There are many reasons to think that this result, as unimpressive as it is, overstates the value of the program.  For instance, the report doesn’t measure the time that employees spent completing the forms and getting their blood drawn.  Nor does it include staff time or the fees to Mercer, which advised PepsiCo to launch the program. Nor does the report take into account the bias caused by participants having a more engaged mindset than non-participants, or the self-reporting of data for absences, the only slightly bright spot in the report. One suspects that the author, RAND’s Soeren Mattke, pulled some punches for political reasons, to avoid having PepsiCo suppress the entire study.

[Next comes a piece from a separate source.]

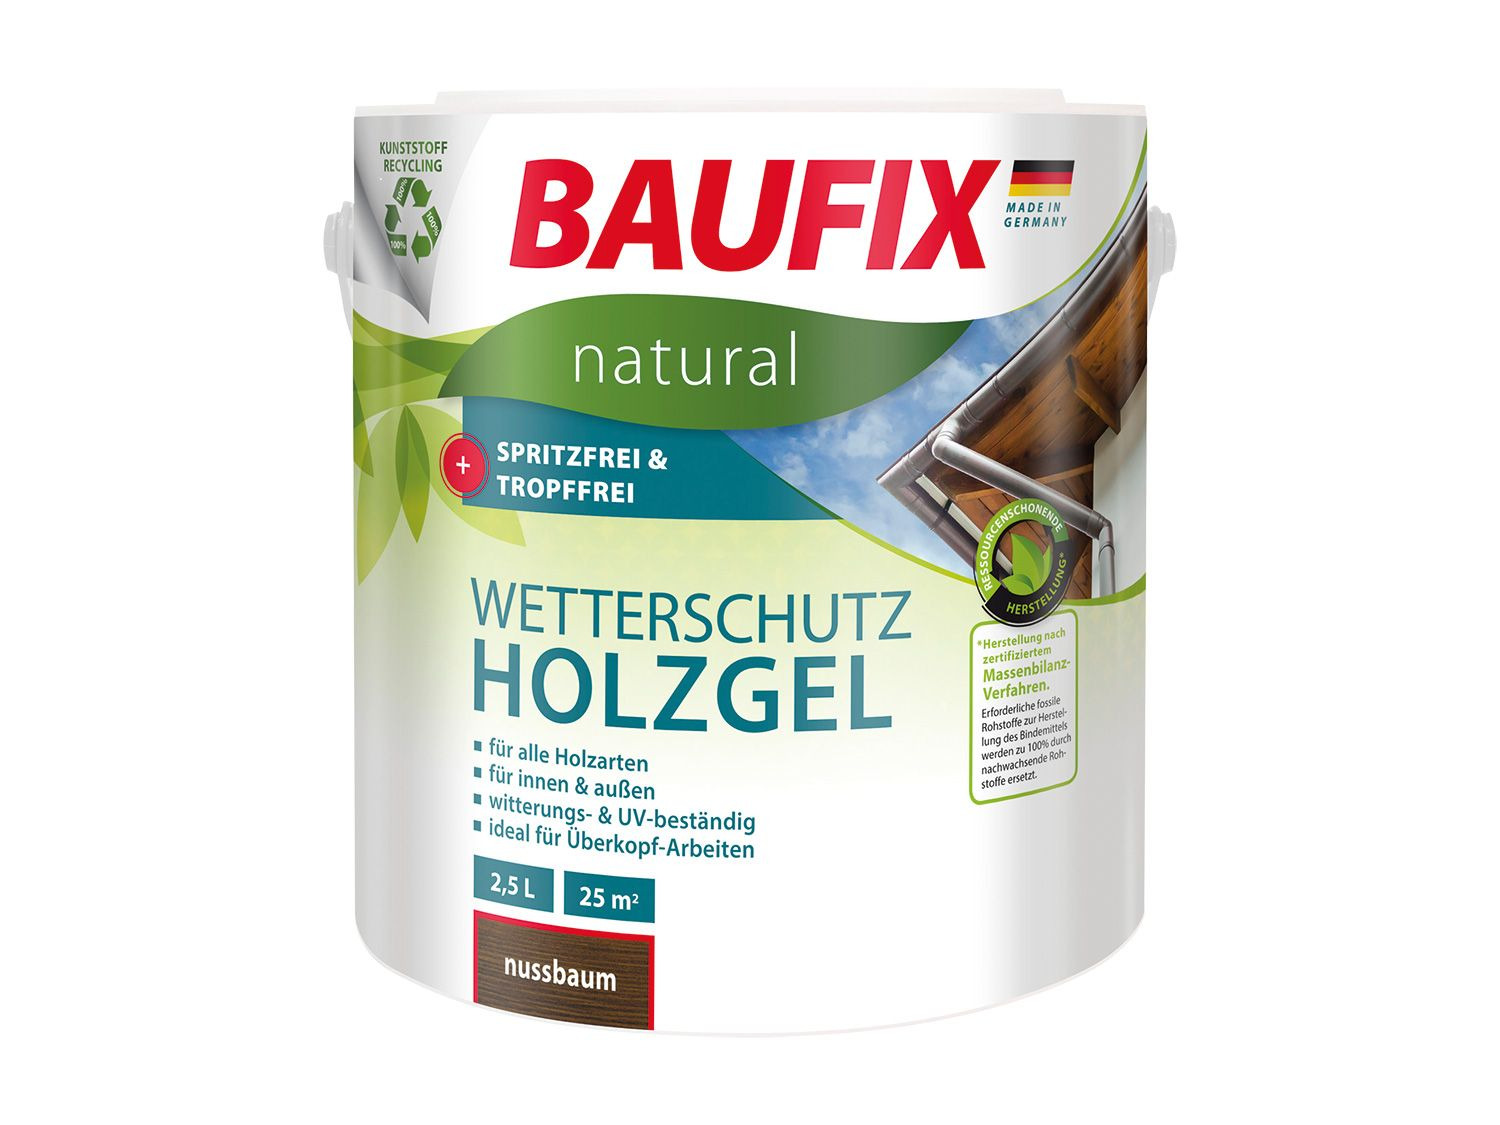 BAUFIX natural Wetterschutz-Holzgel 2 5 Liter

So where does this result leave the wellness industry, and by implication brokers who are earning commissions from it?

First, wellness only has one supporter left in Washington, DC, the Business Roundtable, an association of chief executives of large U.S. corporations. Its vice president was quoted in Reuters as saying Roundtable members are “as enthusiastic as they have ever been about these (workplace wellness) programs,” adopting them to boost employee morale and improve recruitment.  One irony is that the Business Roundtable’s Health Committee is chaired by a CEO in the casino industry, an industry which has steadfastly defended its right to expose its employees to more second-hand smoke than all other industries combined.   Hence, one suspects an ulterior motive for the Roundtable’s support, such as being able to control employee behavior and increase employee share of premiums.

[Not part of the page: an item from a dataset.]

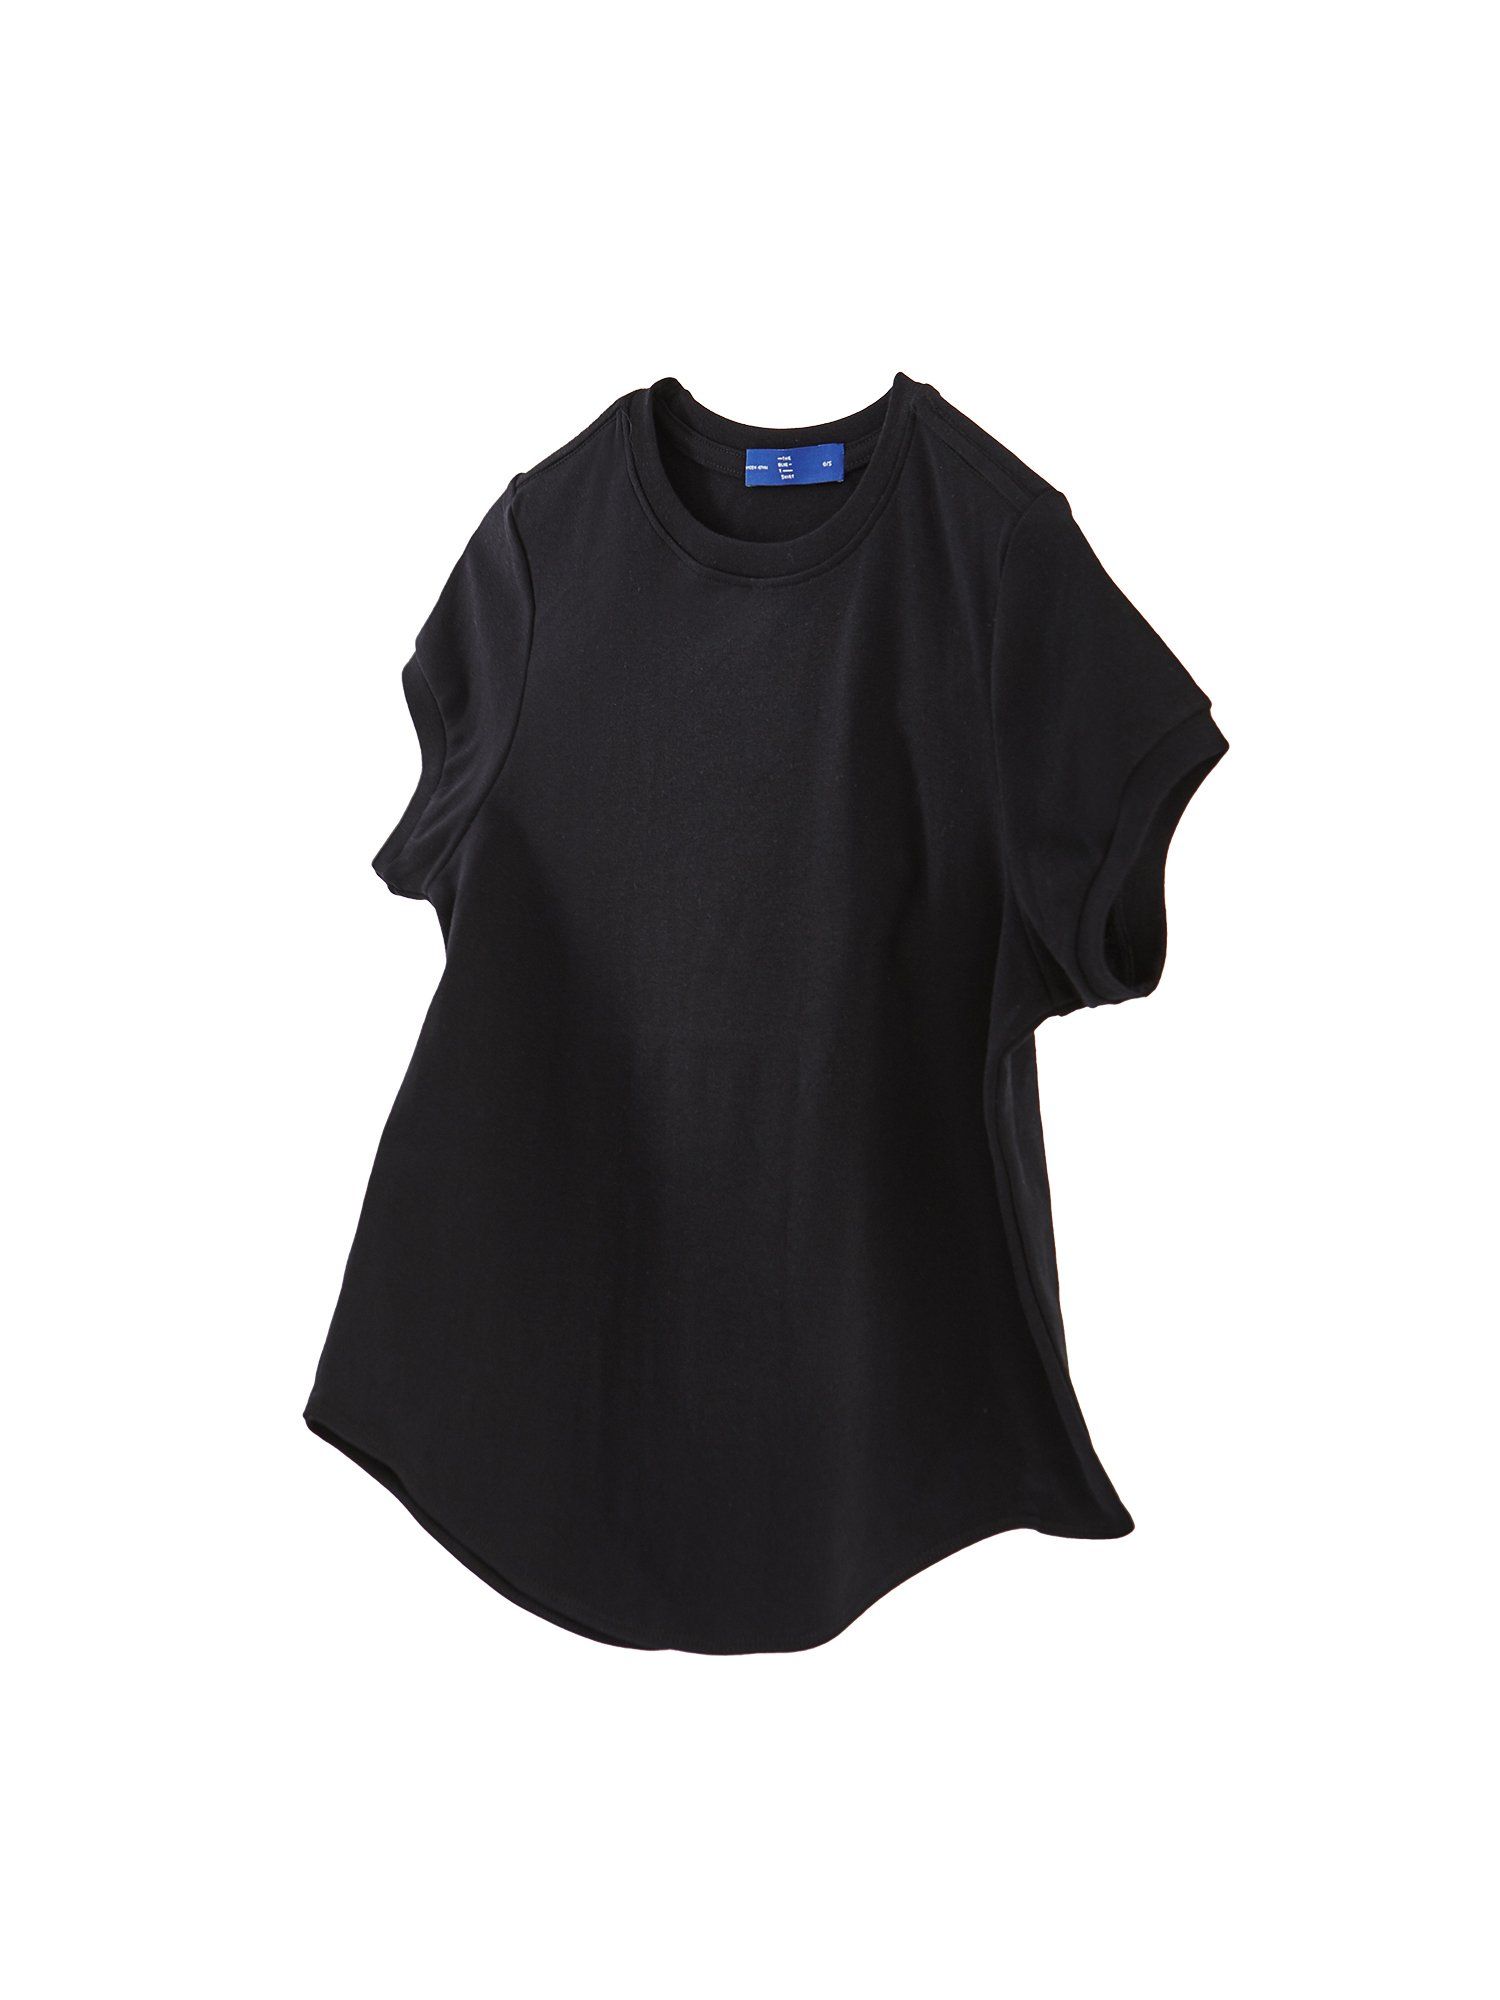  Áo Thun Nữ TheBlueTshirt 1990s Tshirt - Black

The other irony is that employees usually resent and sometimes revolt against programs designed to “boost their morale.”

Second, no wellness program has ever saved any corporation a nickel.  The simple sleight-of-hand of comparing participants to non-participants and/or just measuring people who were high-risk to begin with while ignoring those whose risk factors increase will show savings where none exist.  Indeed, how could it be possible to improve health, let alone generate savings by improving health, by doing the opposite of what guidelines recommend, which is what wellness companies do.  For instance, the United States Preventive Services Task Force recommends screening asymptomatic people only once every five years (except for blood pressure), whereas almost all wellness vendors insist on annual screenings.  The literature is very clear that annual checkups for asymptomatic adults are expensive and counterproductive, and yet many wellness programs are measured by how many people they send to the doctor.

Third, there is more bad news on the way.  This Health Affairs article is a start, sort of like busting Badger or Skinny Pete, but there is some investigative work that will be revealed in the weeks ahead that, to continue the analogy, will be more akin to blowing up Gustavo Fring’s whole operation, exposing wellness as possibly the biggest scam ever to be played by the healthcare industry on corporate America.  (This may seem like a strong statement, but if you doubt it, simply bookmark this column for a month or two.)

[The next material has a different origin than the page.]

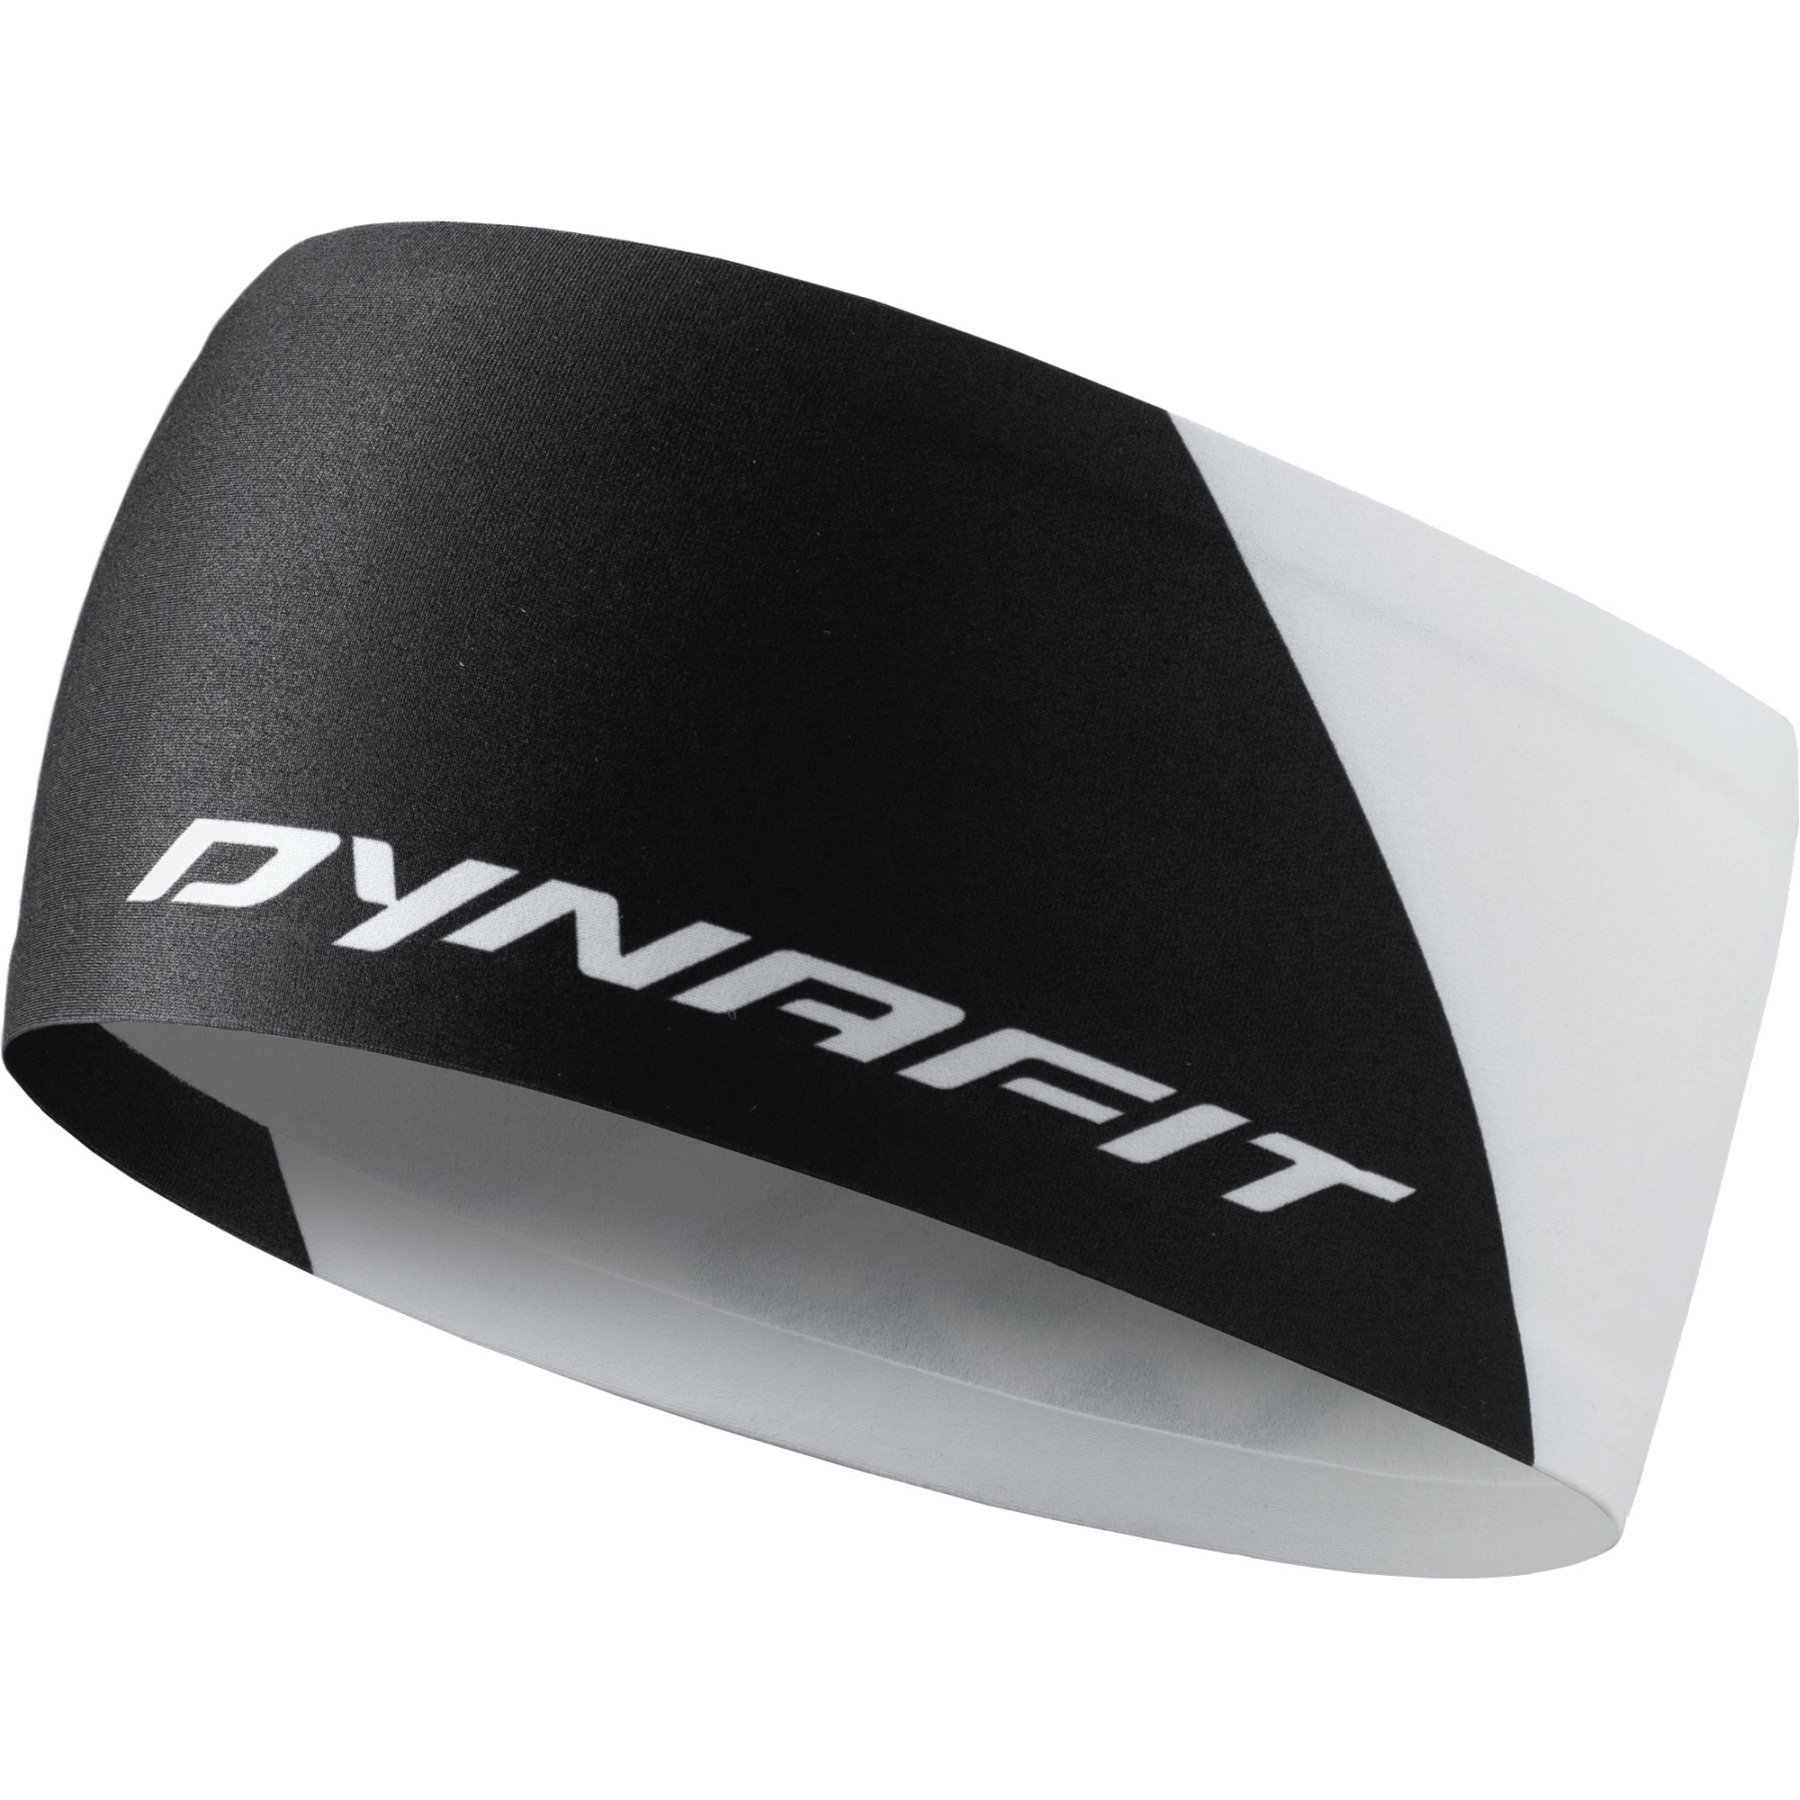 Produktbild von Dynafit Performance Dry Stirnband - Schwarz

Brokers and consultants would therefore be well-advised to start backing off from these programs.  The short-term commission sacrifice will more than pay for itself in long-term client retention.   Note that I said, “back off,” not “run away.”  Your clients have in many cases staked their reputations on wellness, advocating –- possibly with your help — for steadily larger budgets for programs and especially incentives.  You need to step back from the ledge together, keeping in mind the amount of political capital they’ve invested.  They relied on you to take them here.  Now they will need to rely on you to bring them back.